Day 2. The Path to Mastering Go Language: Principles of String Implementation and Efficient Usage

A few days ago, I was busy reviewing GORM. I will share that article later. Today, let's first learn about the string type in Golang.

About String#

The string type is one of the most commonly used data types in modern programming languages. In C, one of the ancestors of Go, strings are not explicitly defined but are composed of string literal constants or character arrays (char) that end with \0.

#define GOAUTHERS "Robert Griesemer, Rob Pike, and Ken Thompson"
const char * s = "hello world"
char s[] = "hello gopher"

However, this caused some confusion for C programmers when using strings, such as:

Poor type safety
Always needing to consider the ending \0 when manipulating strings
Mutable string data
High cost of obtaining string length (O(n) time complexity)
No built-in handling for non-ASCII characters

However, Go language fixed this "flaw" of C by introducing the string type and providing a unified abstraction.

Strings in Go Language#

In Go, whether it is a constant in the code, a variable, or a string literal that appears, they are all uniformly set as string:

const S = "hello world"

func main() {
    var s1 string = "hello string"
    fmt.Printf("%T\n", S) // string
    fmt.Printf("%T\n", s1) // string
    fmt.Printf("%T\n", "hello") // string
}

Go's string type draws from the experiences of C language string design and combines best practices from string types in other languages, resulting in the following functional characteristics of Go strings:

1. Data Immutability#

Once a string of type string is declared, whether it is a constant or a variable, the data referred to by that identifier cannot change throughout the program's lifecycle. We can try this out with the first approach:

func main() {
	var s1 string = "hello string"
    fmt.Printf("Original string: %s\n", s1)

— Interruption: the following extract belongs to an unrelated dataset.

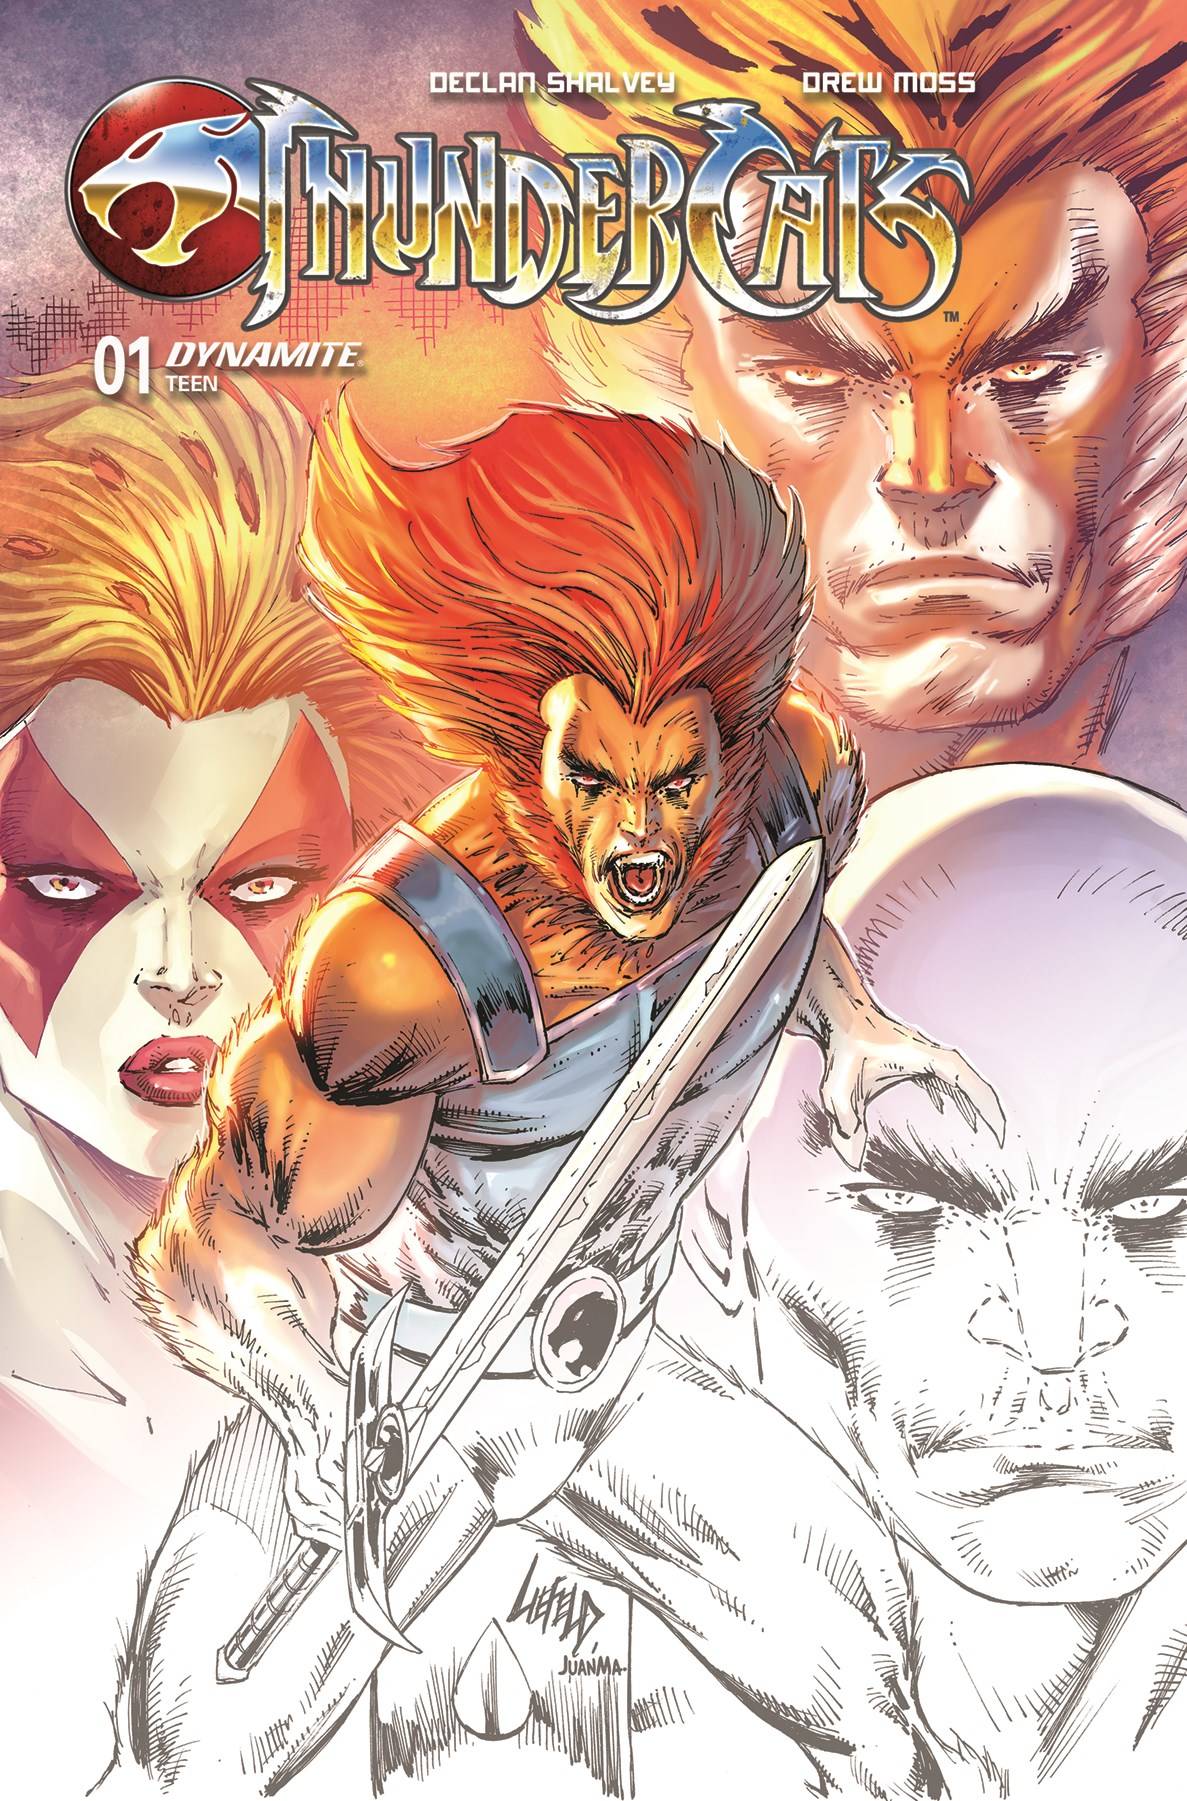 THUNDERCATS #1 2ND PTG CVR A LIEFELD [SIGNED BY DECLAN SHALVEY]

	// Attempt to modify after slicing
	sl := []byte(s1)
	sl[0] = 'l'
	fmt.Printf("slice: %s\n", sl)
	fmt.Printf("After slicing, original string is: %s\n", s1)
}
// output:
// Original string: hello string
// slice: lello string
// After slicing, original string is: hello string

As we can see, when we convert the string to a slice and attempt to modify it, the result is not what we expected. After slicing the string, the Go compiler allocates new underlying memory for the slice instead of sharing the same underlying memory with the original string, so the modification to the slice does not affect s1.

Let's try a more aggressive approach using unsafe:

func main() {
	var s1 string = "hello"
	fmt.Printf("Original string: %s\n", s1)

	modifyString(&s1)
	fmt.Println(s1)
}

func modifyString(s *string) {
	// Get the first 8 bytes value
	p := (*uintptr)(unsafe.Pointer(s))

	// Get the address of the underlying array
	var array *[5]byte = (*[5]byte)(unsafe.Pointer(p))
	var l *int = (*int)(unsafe.Pointer(uintptr(unsafe.Pointer(s)) + unsafe.Sizeof((*uintptr)(nil))))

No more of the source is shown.